To meet all these goals, Apache with mod_rewrite is an excellent choice.

Redirecting using mod_rewrite

Mod_rewrite is a great component of Apache that allows us to transparently proxy or redirect requests based on regular expression matches. This could, for example, allow our evil ‘amazonss.com’ site redirect or proxy traffic to ‘amazon.com’, making it appear legit, unless traffic matching our C2 hits the server, in which case mod_rewrite will transparently proxy the request to our C2 servers.

@bluescreenofjeff has an awesome writeup on how to do this. Rather than cover what Jeff has already, this blog will go over how to deploy redirectors using his method, and a few tweaks to work better with ansible and lets-encrypt.

Automating Redirector Deployment with Ansible

To deploy our redirectors, we will be using Ansible, a configuration management tool comparable to puppet, chef, and fabric. Ansible is nice because is it agentless and works completely over SSH. We are introducing ansible now as we will be baking many of our commands and configurations into Ansible configs, so will be covering both redirector setup and Ansible features as we go.

Ansible Primer

If you already know ansible, feel free to skip this section. For those that don’t, this section is mostly guidance on which portions of Ansible’s documentation you need to read or reference to understand the configurations we go over in this post.


Ansible uses config files in YAML format to specify actions it takes on remote servers. These configurations are called ‘playbooks’.
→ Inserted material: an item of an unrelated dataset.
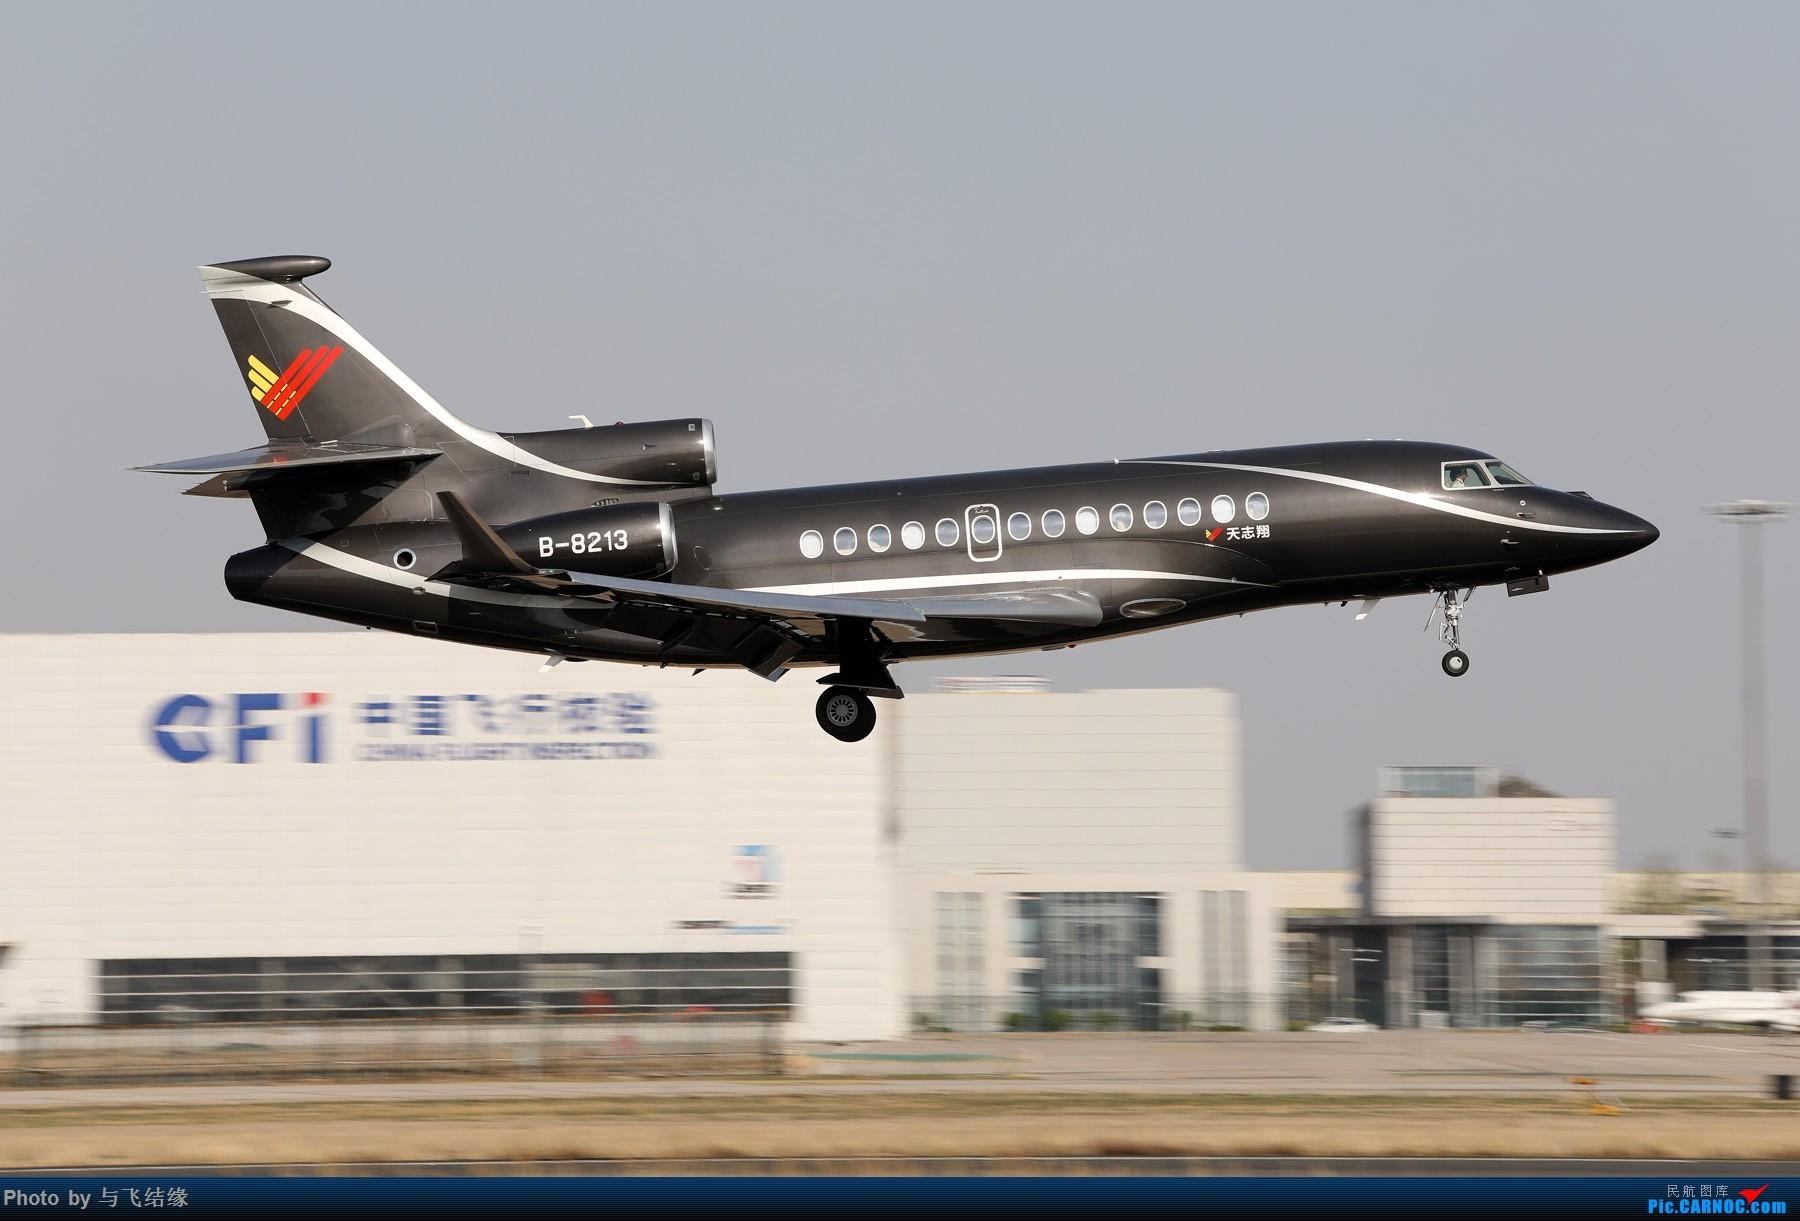 [原创]黑黑衣哟黑!它怎么那么黑,气死活李逵,赛过猛张飞。 DASSAULT FALCON 7X B-8213 中国北京首都国际机场

Playbooks can define variables, specify which ‘hosts’ to execute on, what tasks to run, and more. See Ansible’s excellent documentation on the subject: http://docs.ansible.com/ansible/latest/playbooks_intro.html#basic. The most important component of a playbook is it’s task list.

Running a Playbook

The command ansible-playbook can be used to execute a specified playbook, and the -i flag of that command specifies which ‘inventory’ file to run the playbook against: http://docs.ansible.com/ansible/latest/intro_inventory.html


For organized re-usability of playbooks, Ansible offers a ‘roles’ construct, which allows us to organize multiple playbooks into a folder structure that can be re-used by other top level playbooks. http://ansible-docs.readthedocs.io/zh/stable-2.0/rst/playbooks_roles.html

We leverage this in our automation by creating a redirector role, which consists of all the legwork to spin up and configure a redirector. Our playbooks to deploy specific redirectors largely consist of variables to be passed to this role. This allows us to separate the configuration of a unique redirector instance from the general process of setting up a redirector.

If you don’t fully follow the documentation for ansible roles, don’t worry. Most of this post will go through creating the redirector role, so you can learn by example.

Ansible Redirector Role


Alright, we are almost ready to dive into creating our Ansible Role to facilitate redirector provisioning. First, lets walk through some formal requirememts of our role so we know what tasks we need to implement:

  • Apache Installation: We need to make sure we have apache installed with the proper modules
  • Apache Configuration: We need to setup configurations for our redirectors. We can use vhosts for per domain configuration
  • Copy Hop.php File(s) to Server: We need to get our hop.php file to the server if using that method of redirection.
  • Redirector Rules: We need to install the redirector rules. We can do this in our apache config’s vhost section instead of .htaccess files
  • Lets Encrypt Installation: We need to install lets encrypt on the target servers and python-certbot-apache
  • Lets Encrypt Configuration: We will want let’s encrypt to setup legit public certs for our sites.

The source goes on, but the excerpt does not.